If a voice I recognized said something in the general drone of a coffee shop
I'd be momentarily distracted while I turned around to see where the voice
came from.

In my current open office I find myself working to filter out what people are
saying a lot more than I would in a setting with the same amount of noise, but
nothing concerning me.

------
Zenst
The workers have known this for eons and many issues from spread of illness
thru to lack of privacy for work projects, so much against it. Odd as when I
worked at the BBC they moved from a rather nice building with lots of office
space to some open plan nightmare and many left.

But the real teller is I have never ever in my entire 50 years of life met
anybody who actually likes open plan offices, ever! That right there says it
all for me.

------
ChuckMcM
I react to the headline in that I don't think open offices are "bad" for
people any more than coffee shops are. But I certainly resonate with the
notion that different people have different styles. My own story was going
from an office with a door at NetApp to a quad cube at Google. If there ever
was a place that could afford to give everyone an office (regardless of the
cost of real estate) it is Google but they wanted the socialization aspects.

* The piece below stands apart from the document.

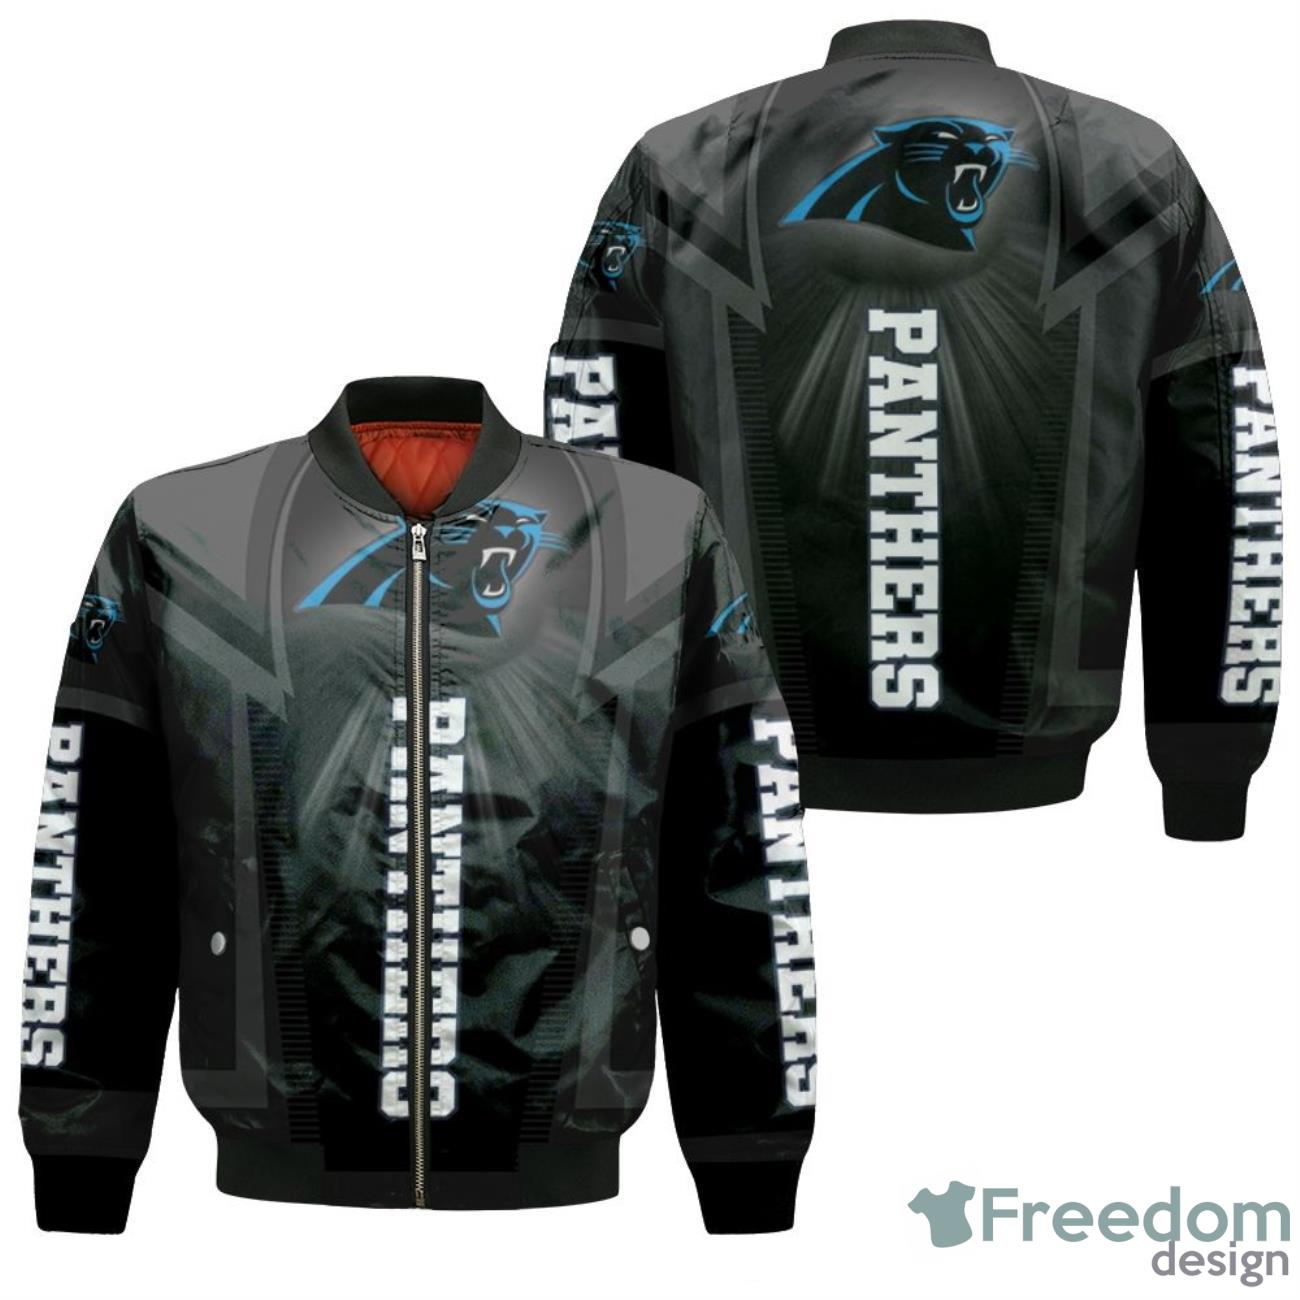 Carolina Panthers For Fans Bomber Jacket Product Photo 1
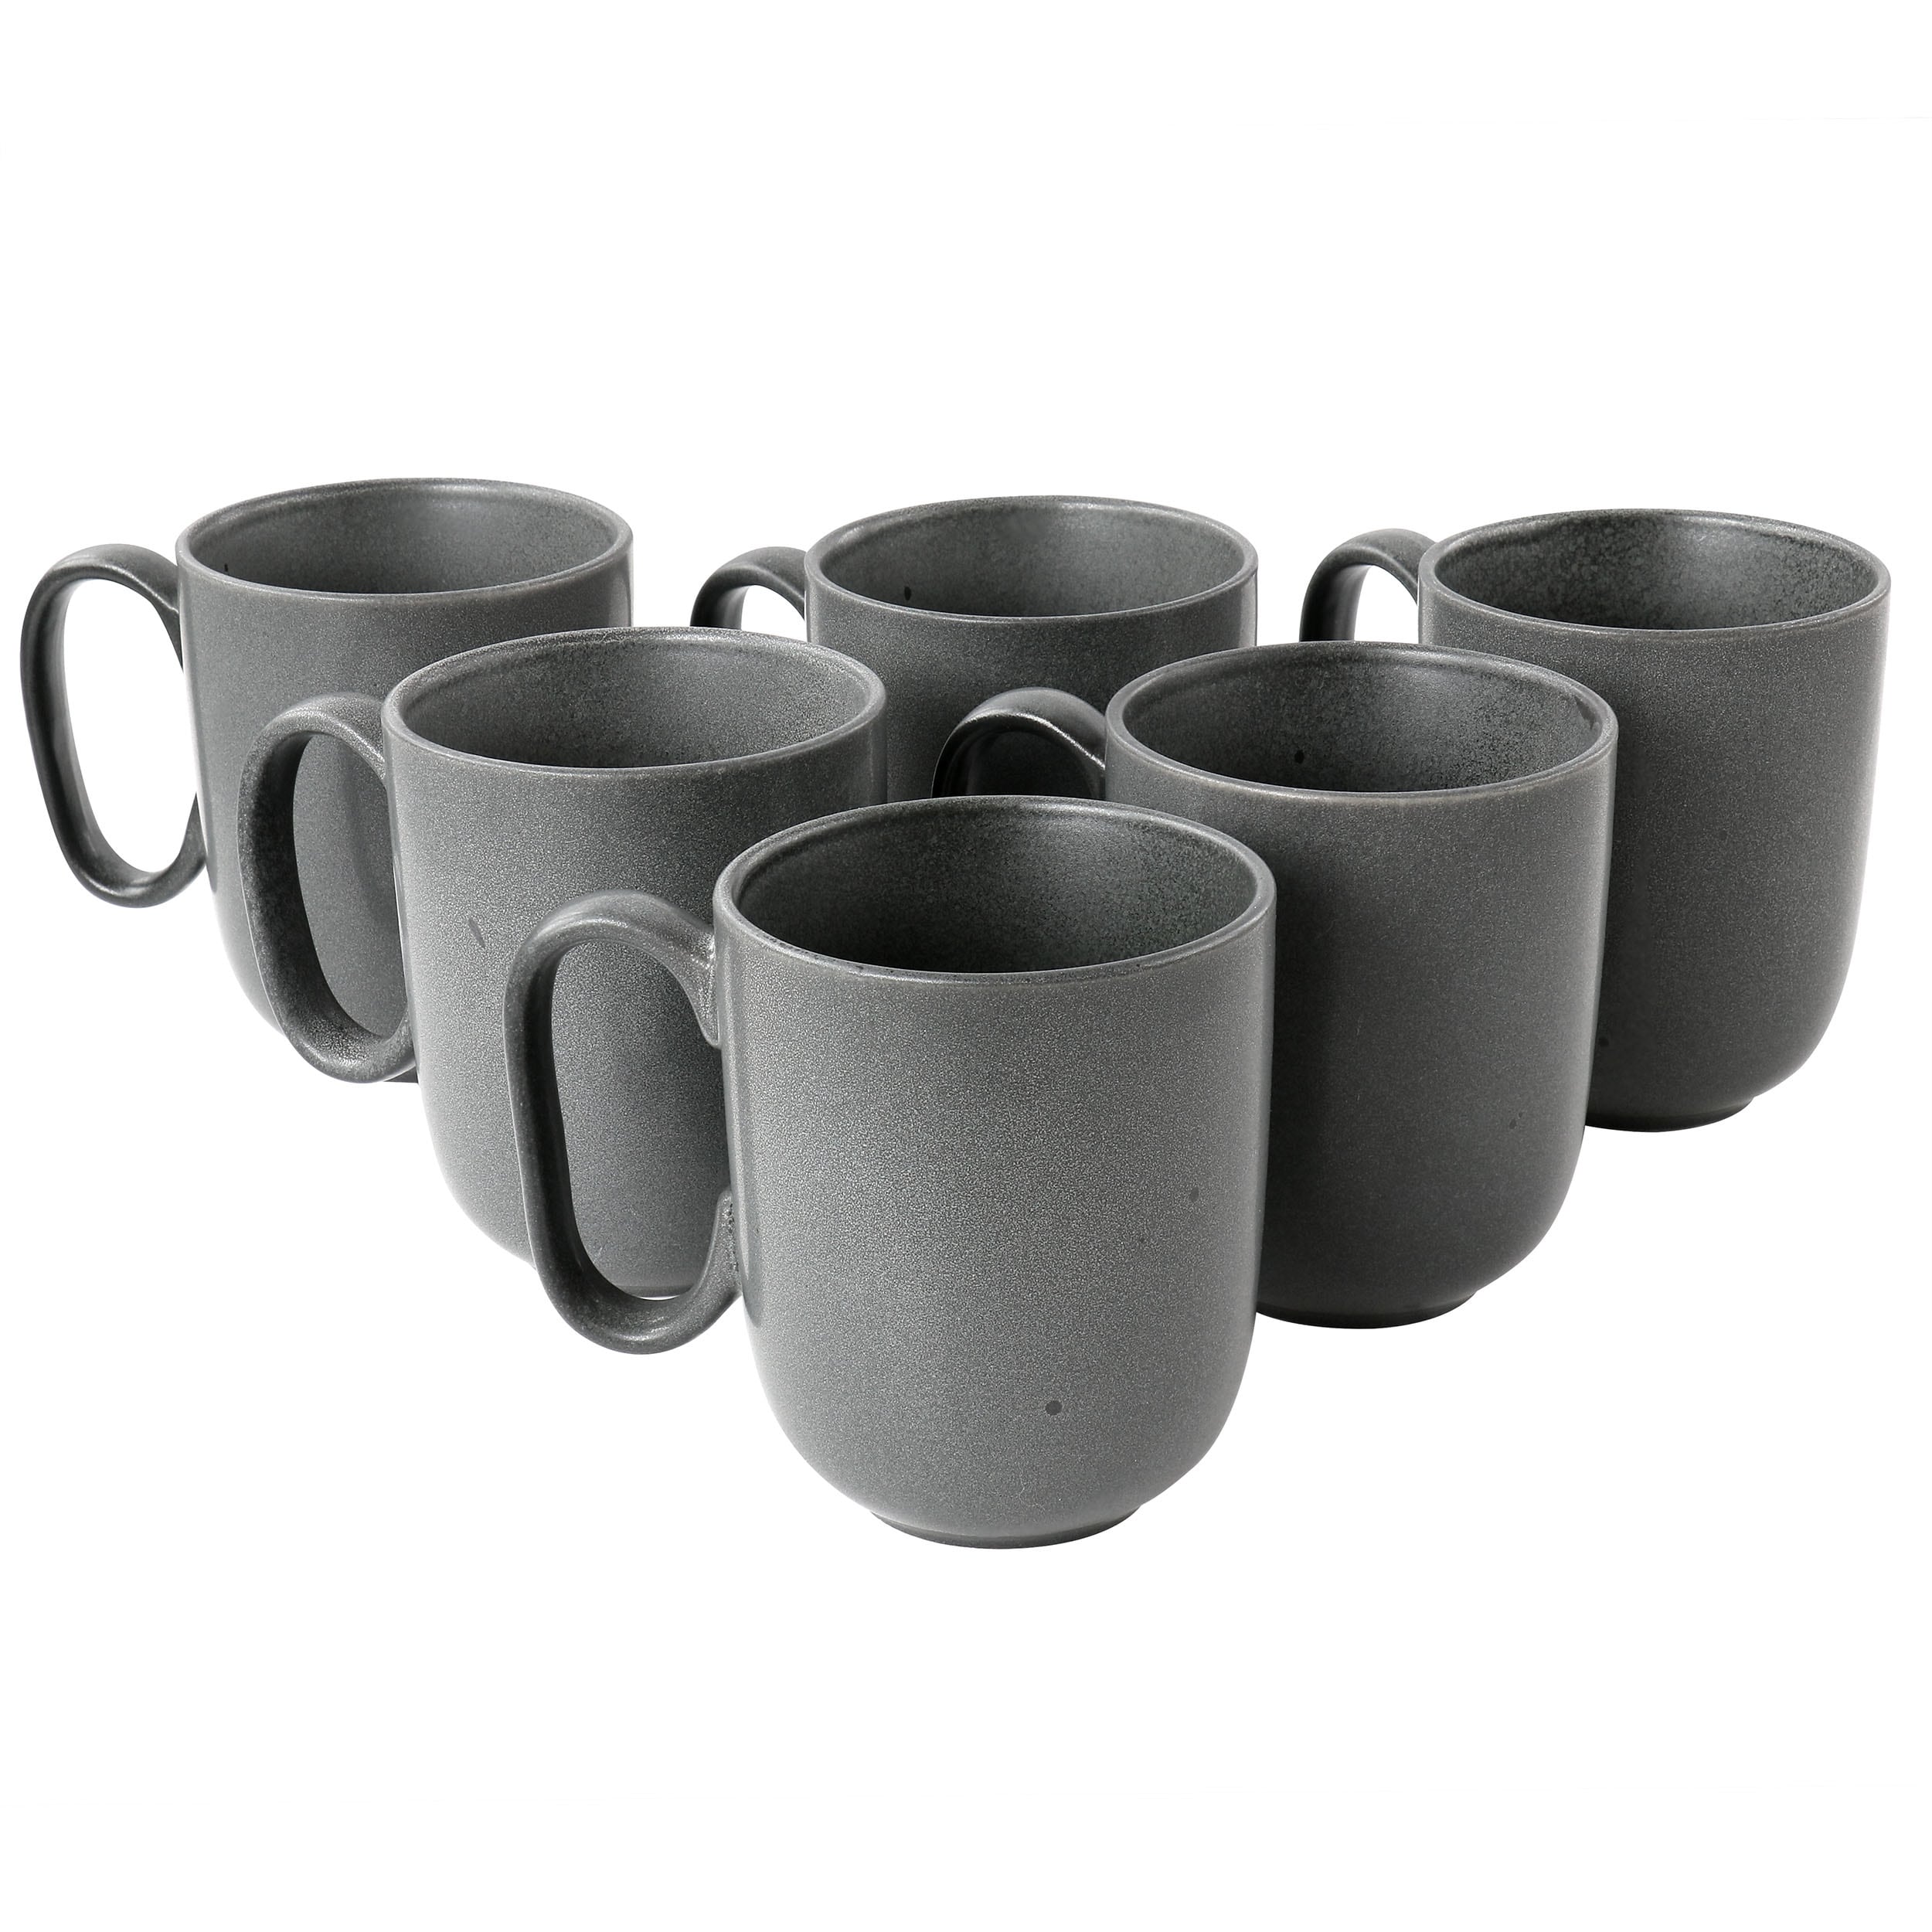 6 Piece 15oz Reactive Glaze Stoneware Mug Set in Truffle Grey

My response was that I became able to completely ignore everything going on
around me when I was working. That was helpful for me, but perplexing for some
of my coworkers who could say something to me, mere feet away, and I would not
react at all because it literally hadn't actually entered my consciousness.
Basically I'm at the opposite end of the spectrum from the person who sits
there and tracks all 6 to 10 conversations going on around them in real time.
I find I can do that if I concentrate on it, but processing so much
information which is irrelevant to what I'm trying to get done really feels
like a waste.

------
adrianlmm
When the company I used to work with switched to an open Office layout it
didn't look like a big problem at that time, but after a year I became more
irritated and less happy, If I was at a very critical call with a customer the
phone rings, laughts and chats diverged my attention, with the time I quit for
other reasons, but open office have some influence in that desition.

------
sssilver
I do my best work after everyone has left and the floor is completely empty.

I hate distractions, and my brain is wired in a way where it processes every
word spoken by a human to somehow be more important than abstract thoughts
about an engineering problem.

I wish I had a quiet room with blank walls void of decorations, and sound
isolation. I'd be so much more productive.

But alas, that is not hip.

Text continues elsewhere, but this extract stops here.